September 19 | Haidong Zhou, UT Physics

Slides

The search and detection of quantum spin liquid in new materials with geometrically frustrated lattice

While the rise of quantum computers may one day help solve complex problems and deliver information with unhackable security, there is lack of a material platforms for scalable realization of quantum technologies. For instance, the most interesting magnetic property of the celebrated quantum spin liquids (QSLs) is the possibility of quantum mechanical encryption and transport of information, protected against environmental influences. Despite extensive studies on QSLs, they are still far away from applications. First obstacle is simply the shortage of real examples of QSL systems. Second obstacle is that most of the studied QSLs are insulators and electronically inert, which is incompatible with an electrical circuit that relies on moving charge carriers. The grand challenge is to find a way to convert the entanglement information into mobile charge signal by "metallizing" quantum magnets.
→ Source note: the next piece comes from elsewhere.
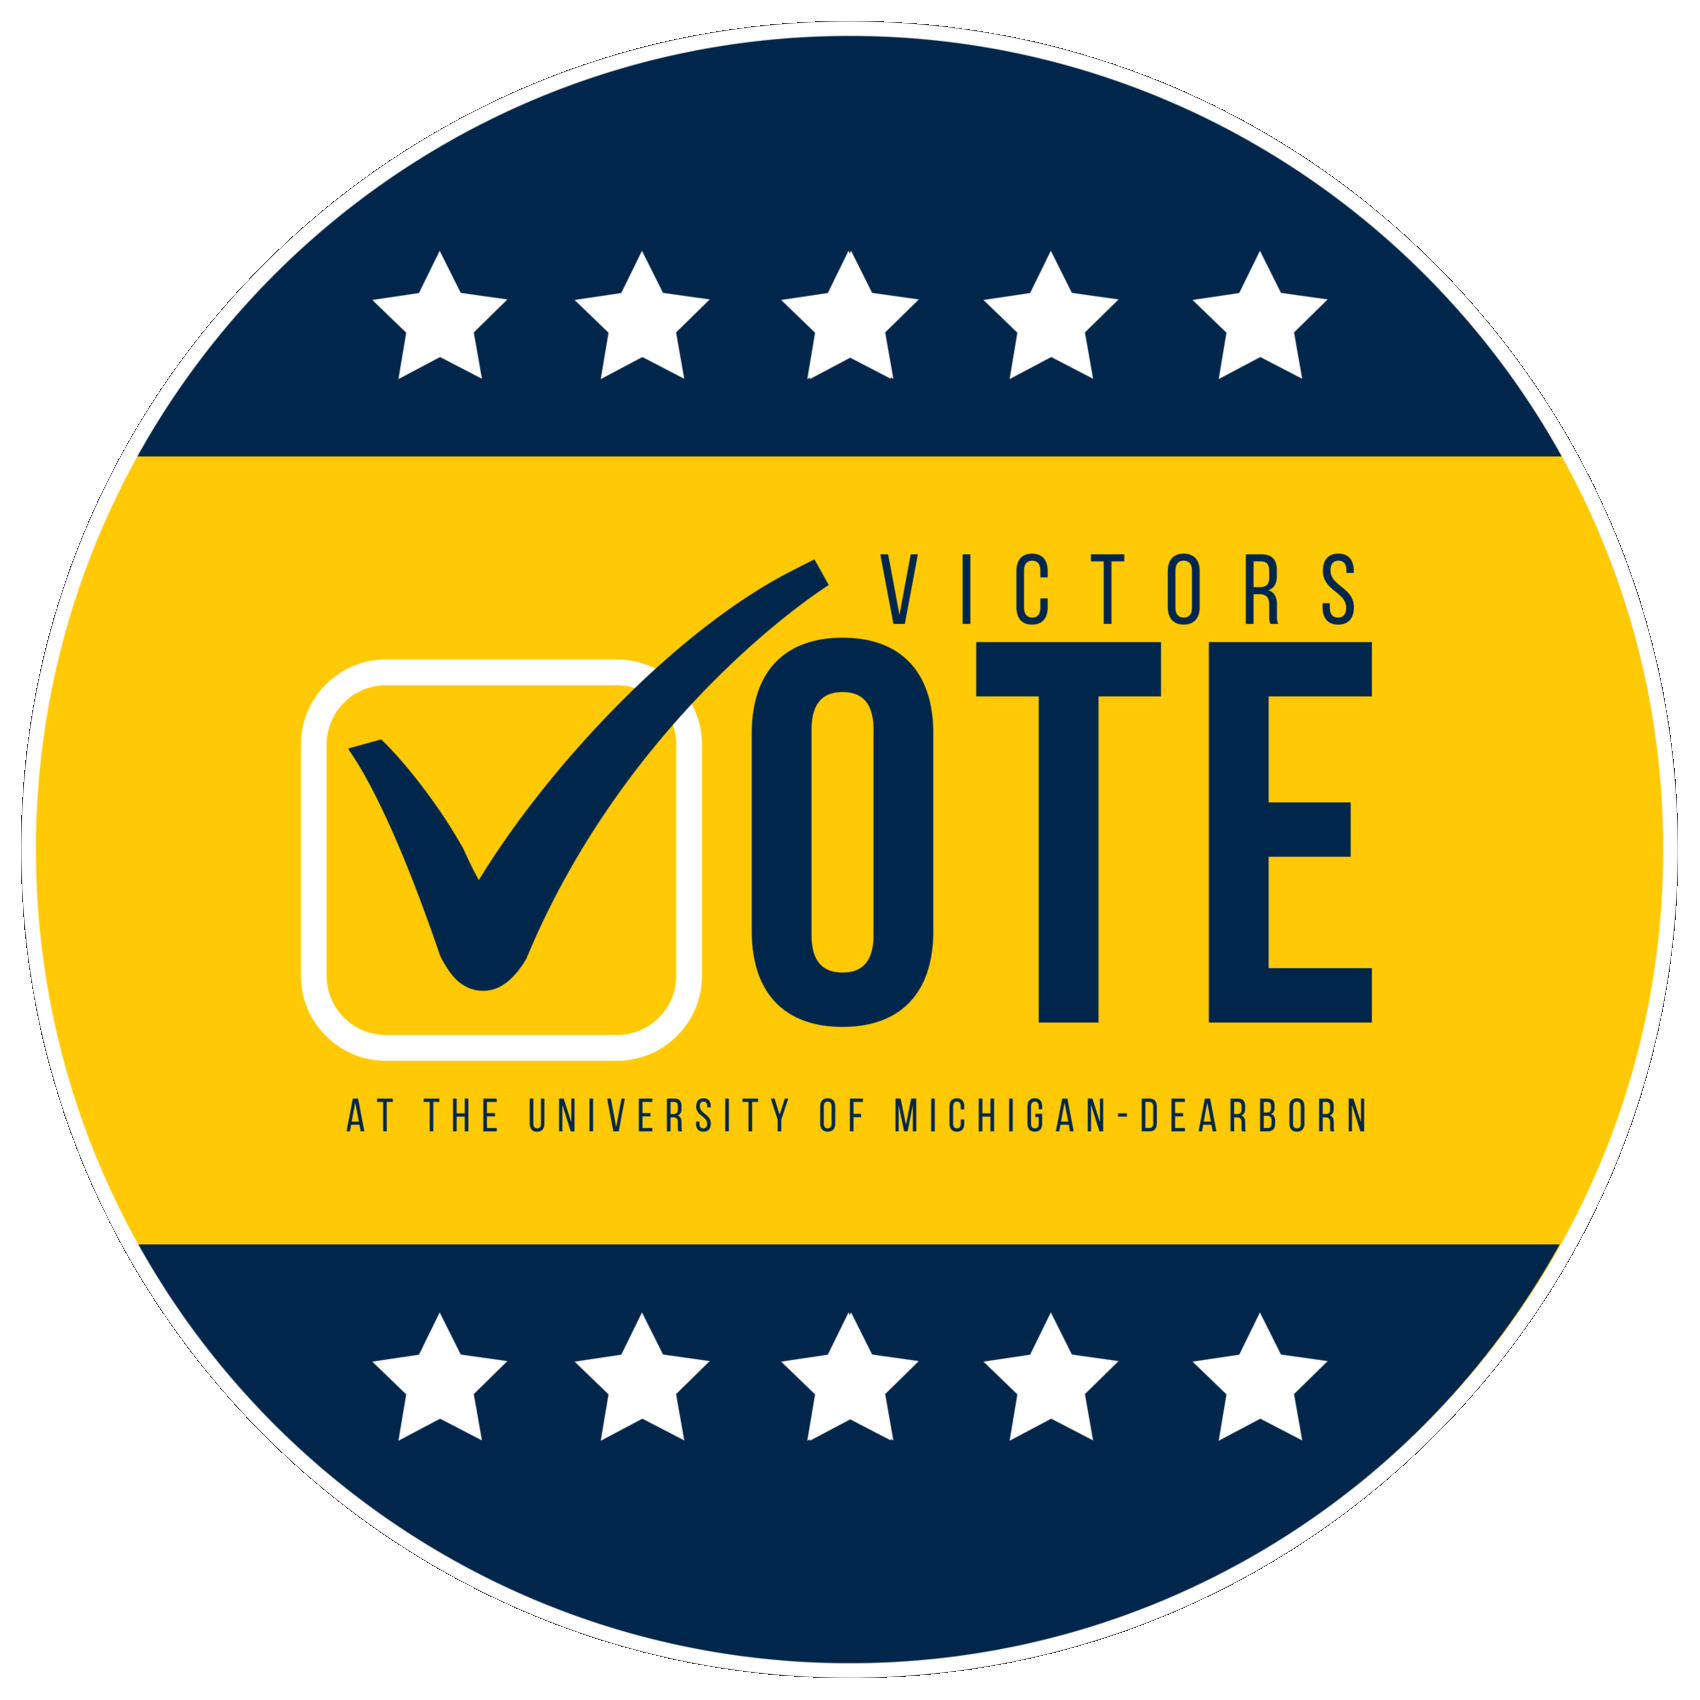 Graphic of Victors Vote at the University of Michigan-Dearborn logo

In this talk, I will introduce a unique approach by using strategical materials design focusing on geometrically frustrated magnets to address these two obstacles. First, we search for QSL in new spin-1/2 triangular lattice antiferromagnets. The two examples are Na2BaCo(PO4)2 and YbMgGaO4. Second, we explore how to electronically detect the spin sates and spin excitations in newly designed heterostructures based on pyrochlore lattice. The two examples are Dy2Ti2O7/Bi2Ir2O7 and Yb2Ti2O7/Bi2Ir2O7.

I will also introduce the crystal growth techniques used to synthesize these systems since the materials growth is the starting point of materials research and the high quality samples are essential to learn their intrinsic properties.


September 26 | Christine Nattrass, UT Physics
Quantifying properties of liquid nuclei

At energy densities above about 1 GeV/fm^3 QCD predicts a phase transition in nuclear matter to a plasma of quarks and gluons. This matter, called a Quark Gluon Plasma (QGP), has different properties from normal nuclear matter due to its high temperature and density and can be created in high energy nuclear collisions. Measurements at the Relativistic Heavy Ion Collider (RHIC) on Long Island and the Large Hadron Collider (LHC) in Geneva allow studies of nucleus-nucleus collisions over two orders of magnitude in center of mass energy. I will discuss how we can measure the properties of the QGP, even though the liquid produced in these collisions only lives around 10^{-23} seconds, and how we get the most out of those data. I will also discuss incorporation of undergraduates in these studies in a Course-based Undergraduate research experience (CURE). This provides a valuable educational experience for undergraduates while also assisting collaborations and the field with data preservation and comparisons to models. CUREs are a useful tool for increasing research opportunities in the department, increasing diversity in the field, and improving retention in the major.